Orbitals¶
Assignment Overview¶
One of Newton’s great triumphs was his development of the Law of Gravity. “…Feigning no hypothesis” of how masses attract one another, he determined a mathematical model for the attraction that predicted the interactions between masses. Not only was the law applicable to interactions between masses and the earth, but it also applied to the cosmos as well. It is fun to imagine how he must of felt when he showed that his model was consistent with Kepler’s Laws of Planetary Motion.
In this assignment you will construct a simulation that uses Newton’s law of universal gravitation to model our solar system. A measure of how well your simulation works will be to compare the model with Kepler’s predictions for planetary motion.
Is gravity really the only force holding the solar system and galaxy together?
Introduction to the Kepler Project¶
Kepler determined his laws solely from observational data. However each of them can be stated in precise mathematical terms. Ellipses aren’t simply ‘ovals’, but well defined geometric shapes. The areal velocity is also well defined: the rate of change of area that a planet sweeps out with respect to time. (Neat, just like the rate of change of position with respect to time, only different.) You will need to construct a model of a planet orbiting the Sun, based on Newton’s Law of Gravity, to see if Kepler’s Laws are exact, or just close approximations for an orbiting planet.
Part 1: The Model¶
Construct a model that has two masses. Properties of your two masses should be consistent with the attributes of a star and a planet. The only constraints on your model should be that the two masses interact solely by the Law of Gravity.

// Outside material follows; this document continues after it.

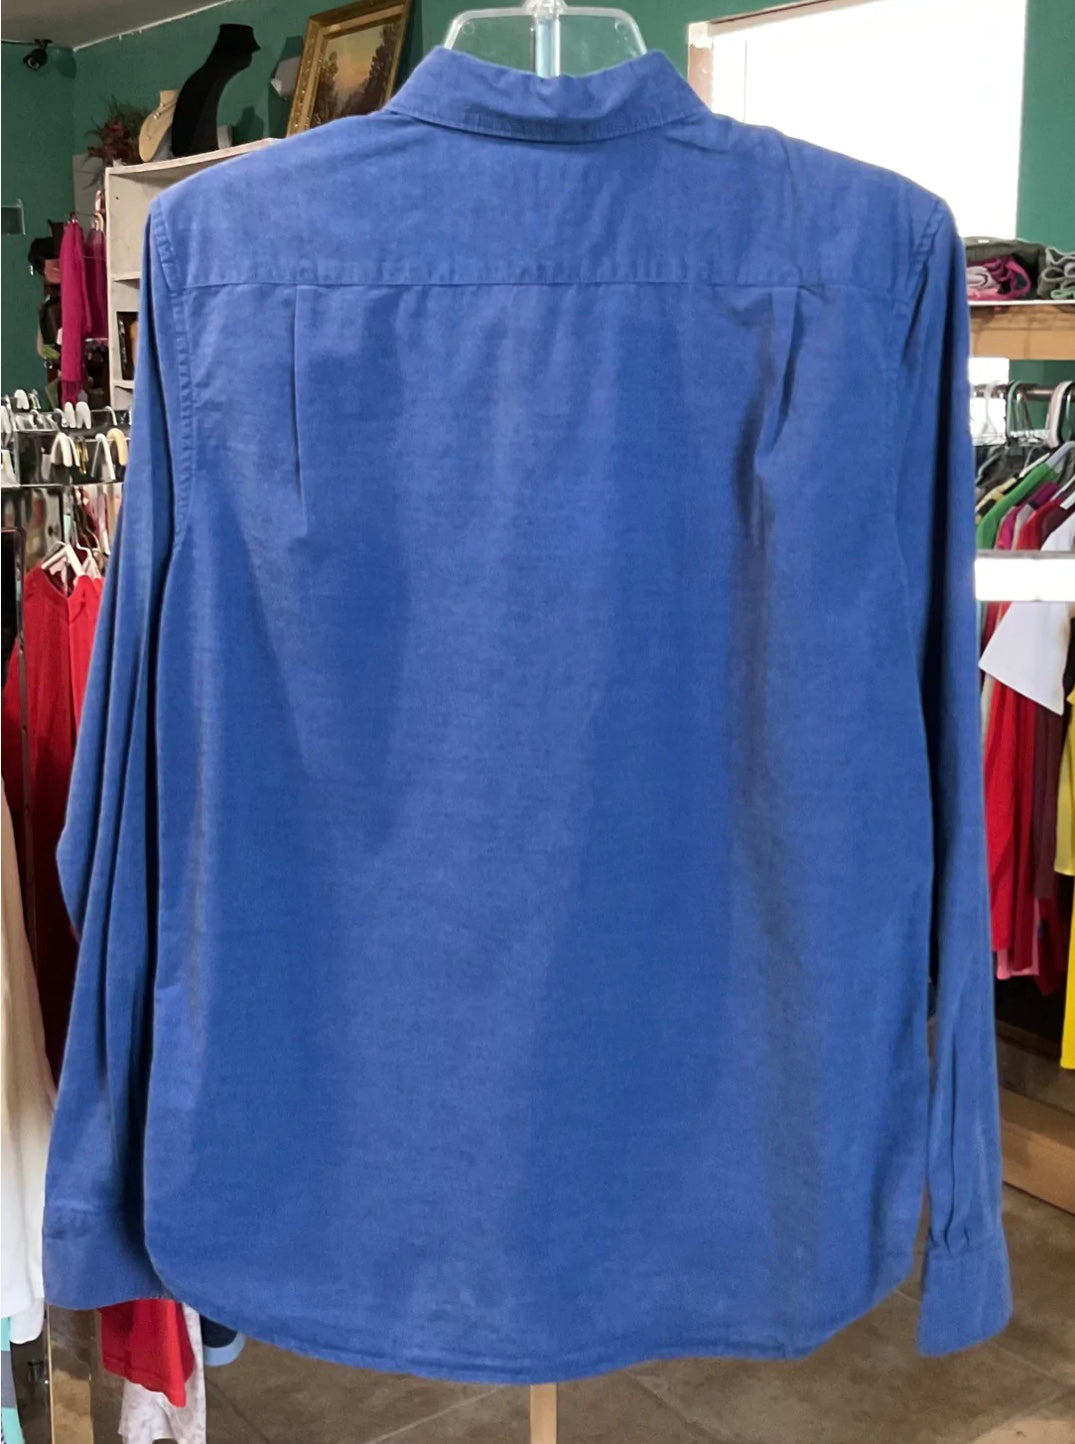 Denim & Flower Classic Blue Button Down Shirt Size S
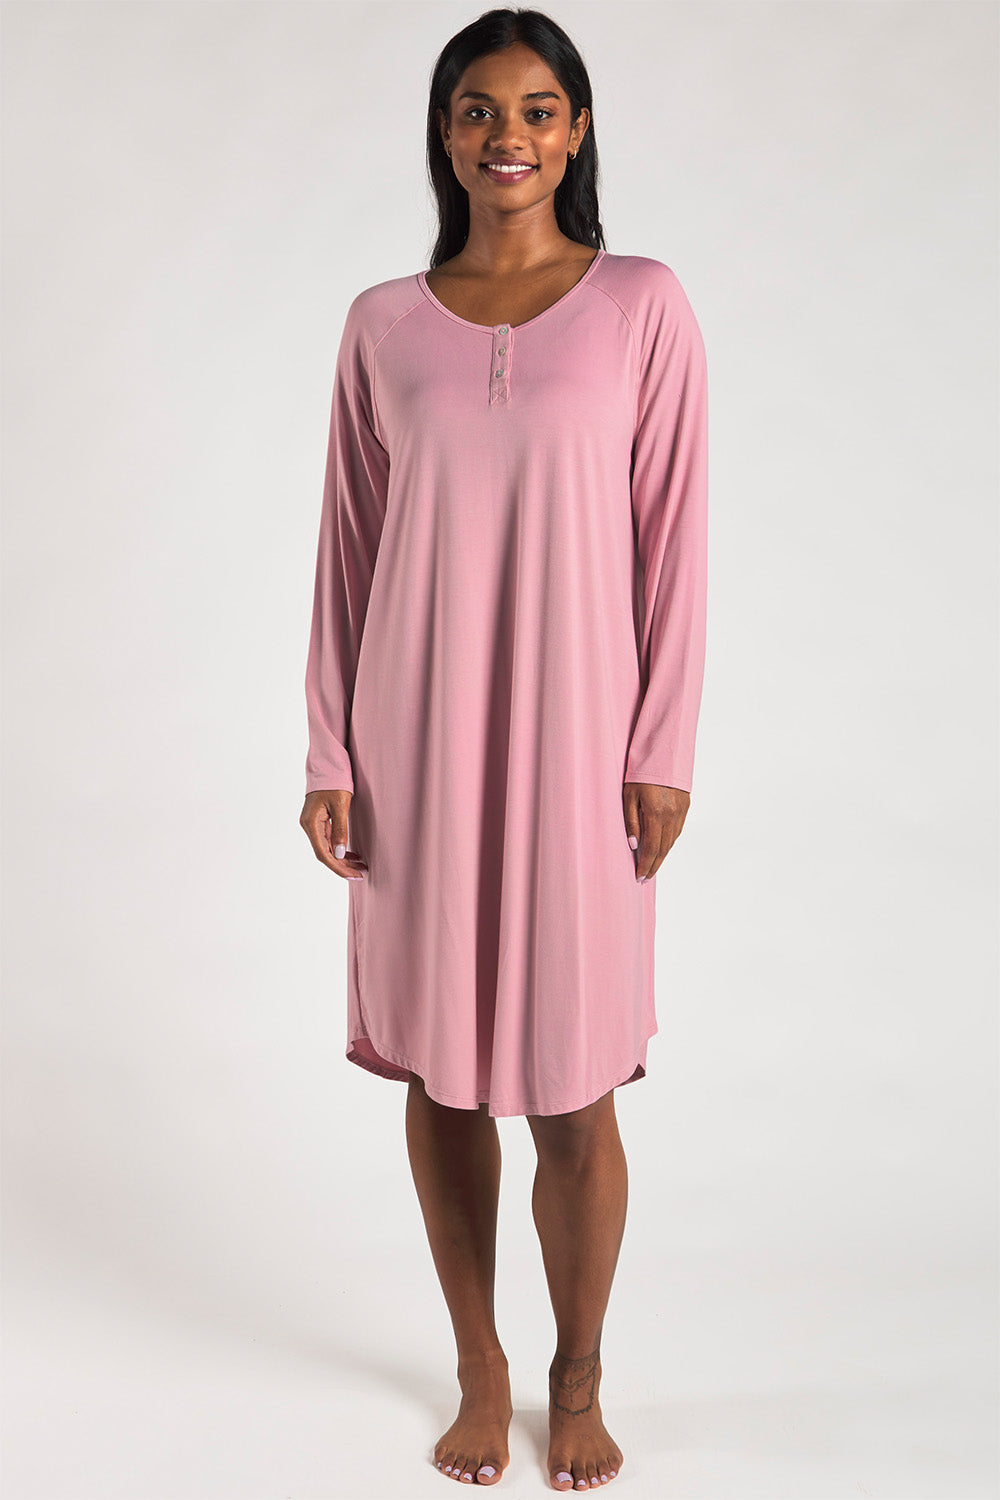 Women's Pink sustainable bamboo sleep dress from Terrera.

Part 2: Does the orbit conform to Keplers Laws?¶
Now that your simulation is up and running you have to use it to see if the planet’s orbit is consistent with Kepler’s Laws. How will you probe your model to answer this question?
Kepler has 3 laws: Is the orbit an ellipse? Is the areal velocity constant? How is the period related to the major axis?
Part 3: Are Kepler’s Laws a consequence of the mathematical model of an orbiting planet?¶
This is challenging question. If you choose to work on it, you may want to consider the special case of a circular orbit first before moving on to the general case of an elliptical orbit.
Part 4: Solar systems, binary stars, and other cosmic structures¶
Having a simulation that models a system can be both fun to play with as well as a tool to learn, discover, and explore your own questions with. There are many questions you can explore by some simple modifications to your code. For Examples:
Can you add another planet to your model and investigate how its orbit is different from the Earth’s? You might want to model a mass at one or more of the Lagrange points in the Earth-Sun system, are these orbits stabe? Or, can you simulate a binary star system (maybe even 3 stars!)? Extend your model to investigate one of these questions, or a question(s) of your own. Have you wondered whether an inverse cube law for gravity would hold a solar system together?
Putting it All Together¶
It is easy to see how studying conic sections, polynomial relations, and rules about distances from foci and directrices could be a purely mathematical pursuit. It is amazing however to find these shapes embedded within the nature of the cosmos, and to learn still another set of constraints that defines their shapes. Our study of particular functions and relations will continue and you can anticipate still more connections between the math you are studying and its description of natural phenomena.